Goal of the exercise: Beginning with the first line, return the material verbatim and without pictures.

Source material:
^^^^^^^^

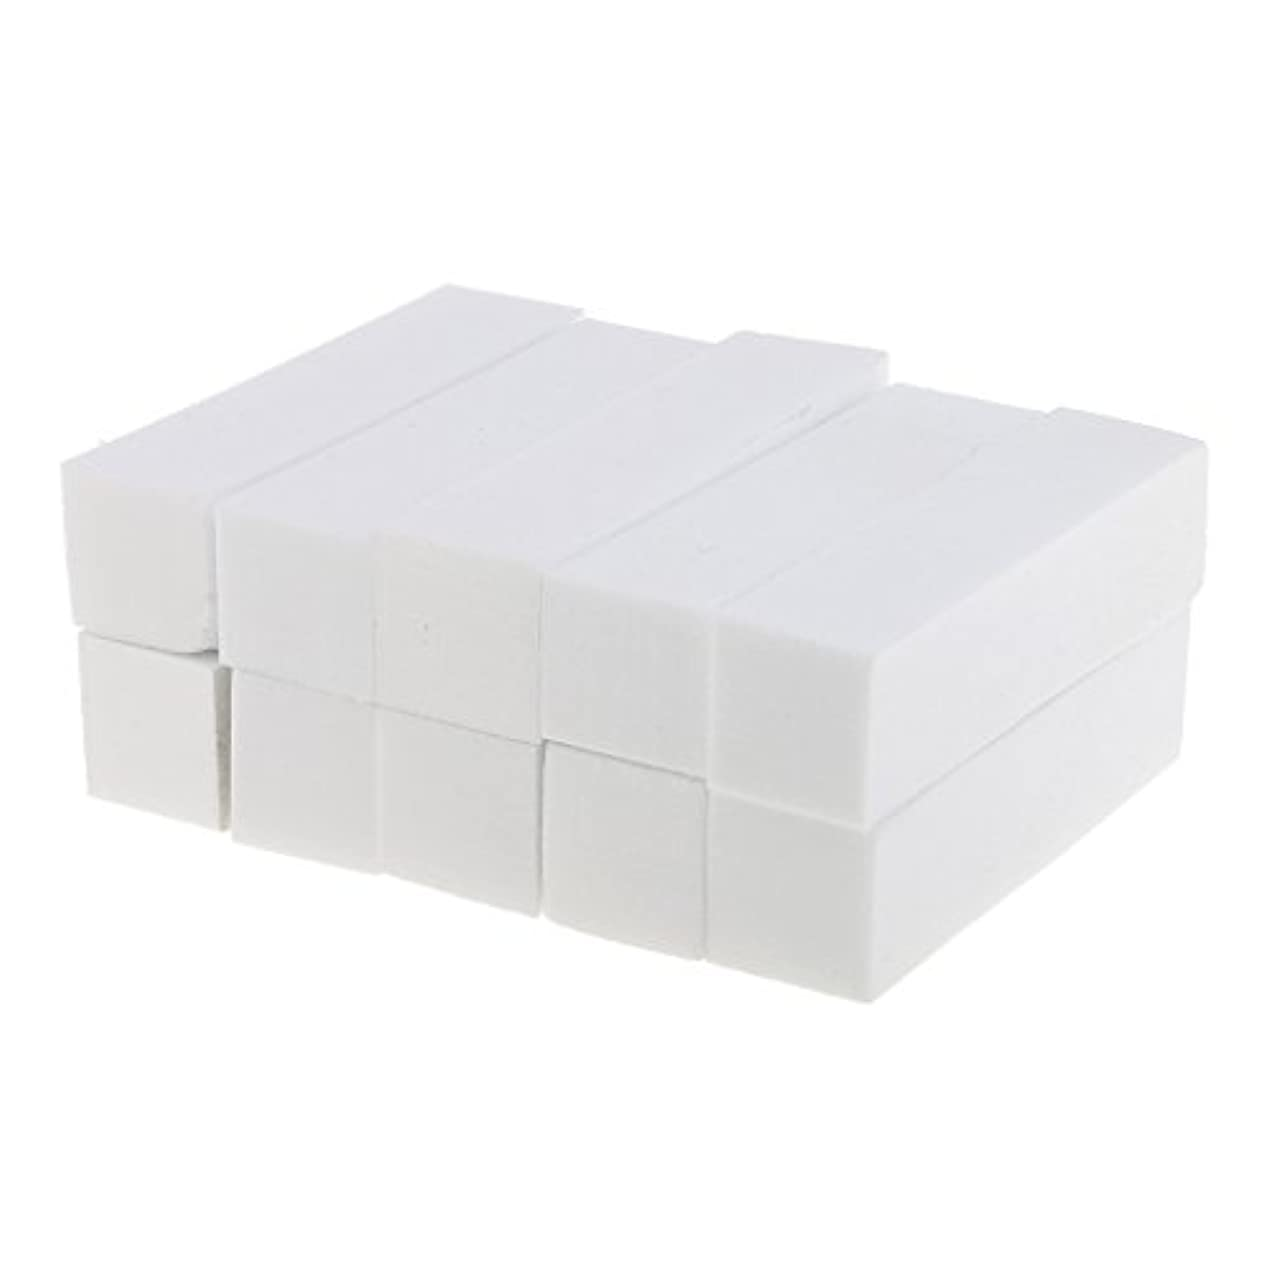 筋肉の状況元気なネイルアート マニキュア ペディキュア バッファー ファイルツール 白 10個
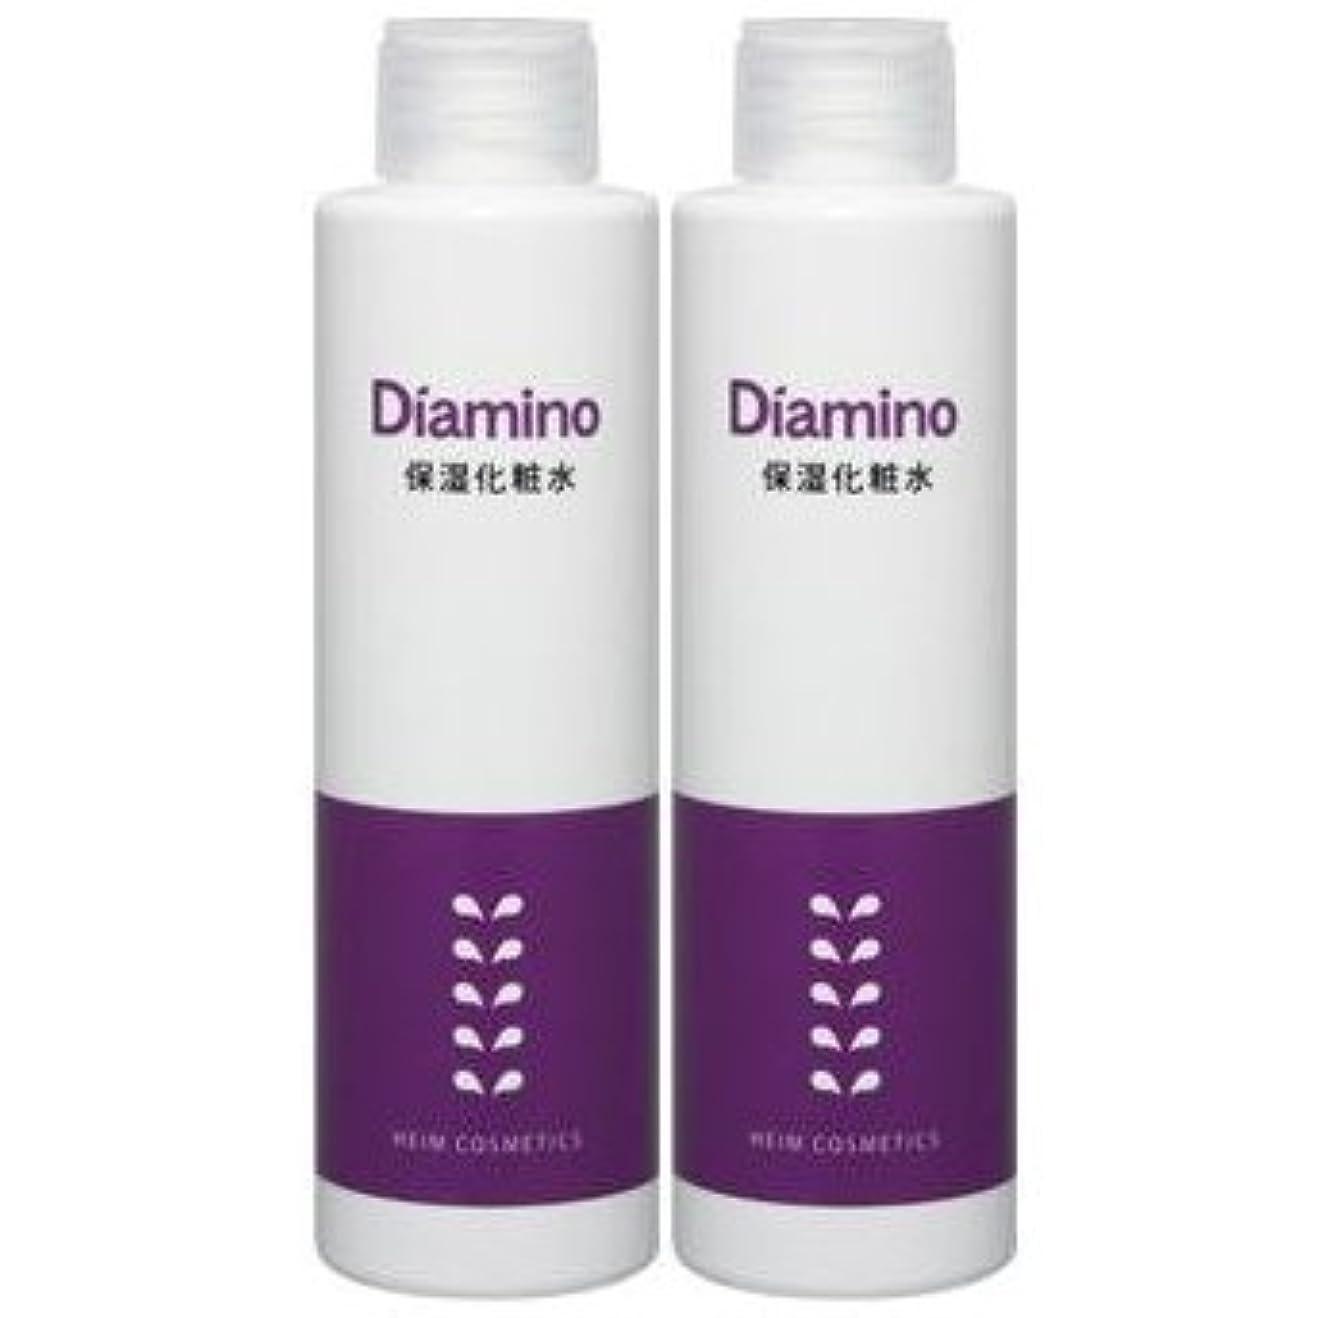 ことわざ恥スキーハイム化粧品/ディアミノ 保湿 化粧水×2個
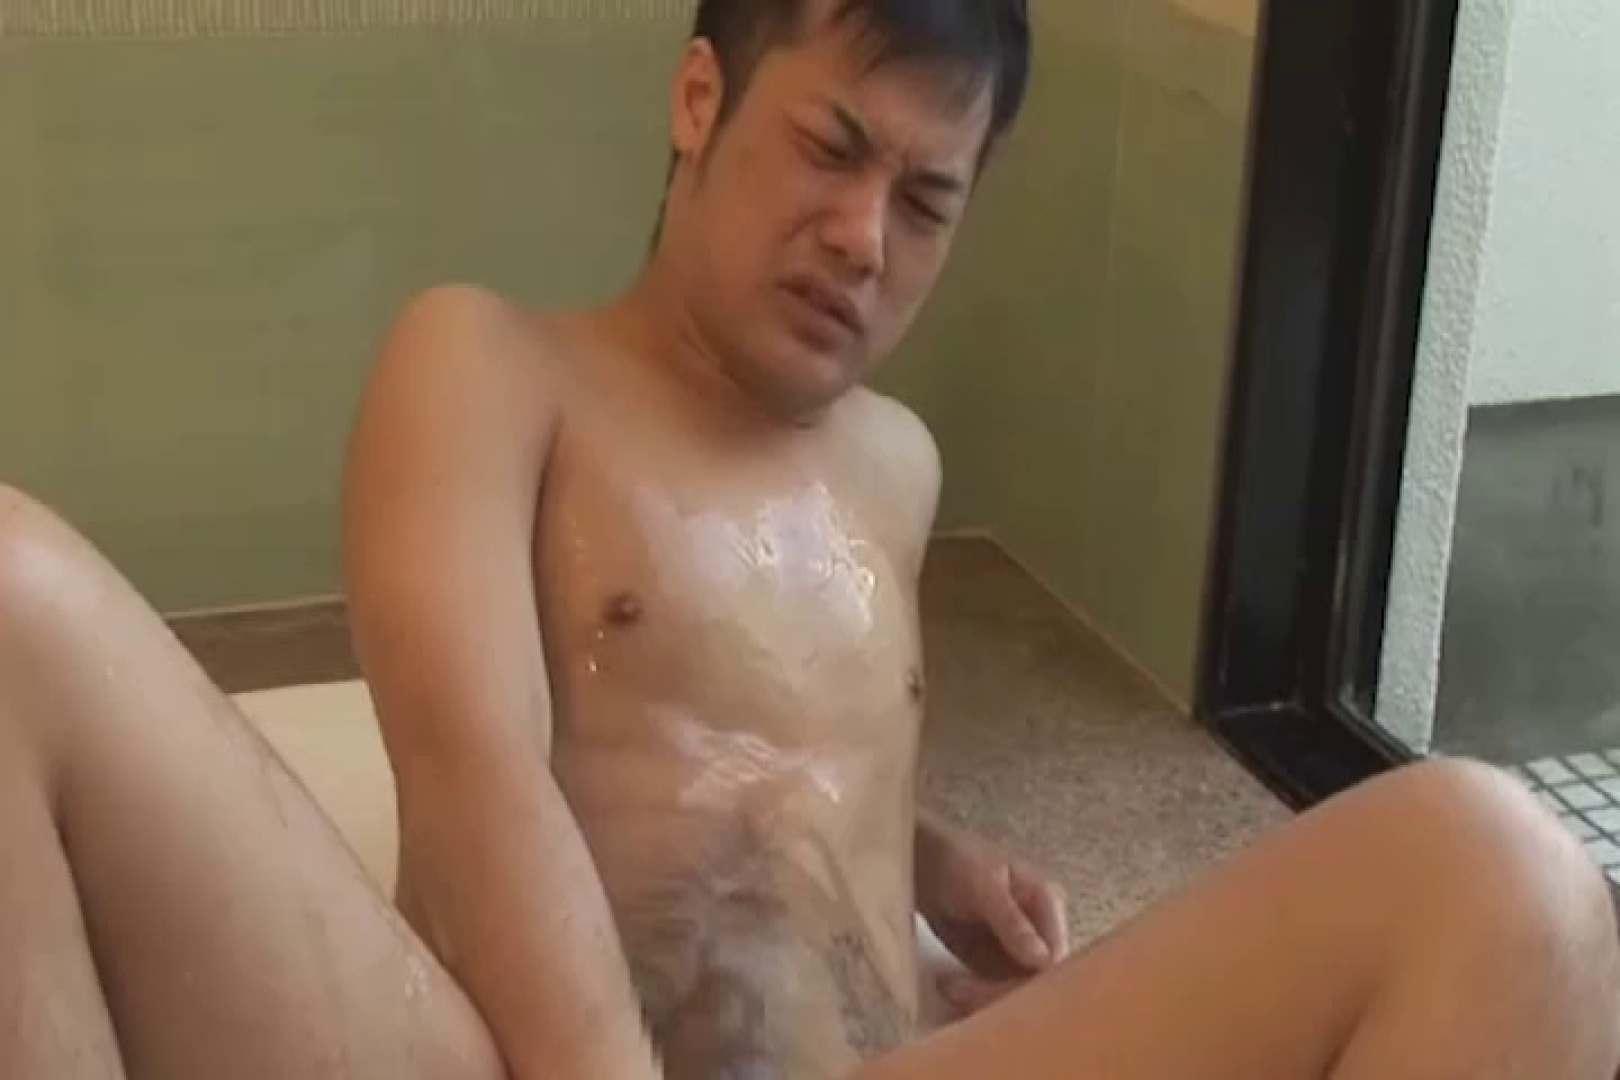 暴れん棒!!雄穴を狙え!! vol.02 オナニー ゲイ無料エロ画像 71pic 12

^^^^^^^^

Output below:
 筋肉の状況元気なネイルアート マニキュア ペディキュア バッファー ファイルツール 白 10個
 ことわざ恥スキーハイム化粧品/ディアミノ 保湿 化粧水×2個
 暴れん棒!!雄穴を狙え!! vol.02 オナニー ゲイ無料エロ画像 71pic 12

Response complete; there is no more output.